One problem that I had with the plot of the novel was with the believability of the team’s first approach to creating their major invention. These kids are supposed to be some of the brightest minds in the country, capable of not only building, but imagining all types of gadgets and groundbreaking technology that will power the advancement of society.

Kia’s previous ideas for her own personal inventions are complex and innovative, and they show off her natural skill and remarkable intellect. However, what the team eventual decides on for their major invention is honestly pretty disappointing. It just felt as if they were not showing much if any of the amazing talent that they all clearly possess. It’s hard to believe that their big idea would manifest in the form that it does.

Now, please bear with me for this next part. I do realize how silly this is going to sound since this is a middle grade novel, so I apologize in advance.

I’m left feeling conflicted over my biggest issue with the plot—the ultimate invention they create for the contest. At first it feels like a really neat idea, giving us a unique way to look into the past and learn in detail about any person in history. Being able to essentially bring the past back to life and explore any individual’s role in society would be incredible. However, the invention itself quickly takes a turn for the worse, feeling quite creepy and disturbing rather than uniquely fascinating.

There is a fine line between innocently gaining knowledge and invading privacy, and this quickly descends into the latter category. It becomes particularly concerning when Kia and the rest of the team use their invention multiple times to access records of things like private phone conversations and incredibly personal information.

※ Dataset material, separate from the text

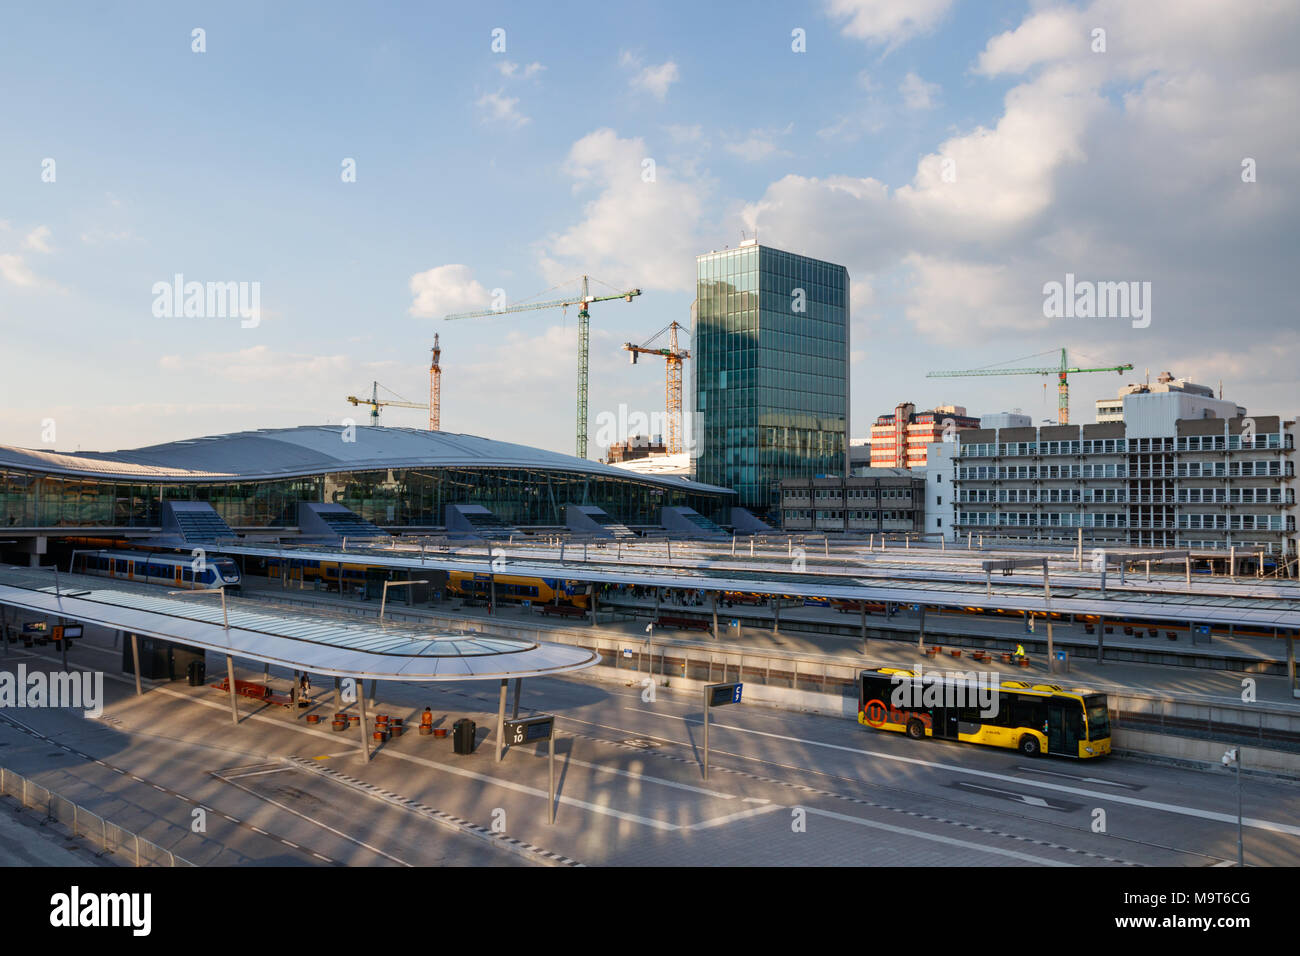 The NS hea quarters, platforms of Utrecht Centraal Railway Station and the bus station with a leaving bus on a sunny day.  Utrecht, The Netherlands. Stock Photo

Everyone’s right to privacy is a very topical discussion, and this novel is an eerily realistic potential future. This story raises the question of what parts of our lives are acceptable to be made public in a database and what parts should be kept out. It delves into an extremely morally gray area under the guise of a fun and innovative creation by a group of highly intelligent young minds.

On top of all this, they don’t actually come up with any of the real mechanics of the invention—they end up taking a previous team’s creation and dressing it up a little bit. That left me feeling very disappointed, as it completely wipes out the most important messages Yeager is trying to convey through this story. The importance of thinking outside the box, being creative, and achieving a goal through teamwork cannot possibly be shown through what they end up doing. Even the initial project they come up with at least demonstrated those themes much better.

Are these things that a young reader in this book’s target age range would notice? Most likely not. These thoughts are just a mixture of my typical over-thinking and my admittedly very cynical adult view of the world. I am definitely not the right audience for this particular novel and I completely realize that.

Overall, this is a good book for children in the range of maybe eight to eleven. It promotes topics that are essential to learn from a young age, and this story is an imaginative and entertaining way to encourage people to open their minds to all possibilities and understand that they all have the ability to do great things. This is not a novel that will necessarily be enjoyable to people of any age, but I would recommend this to young readers due to the positivity of most of the messages at the center of this story.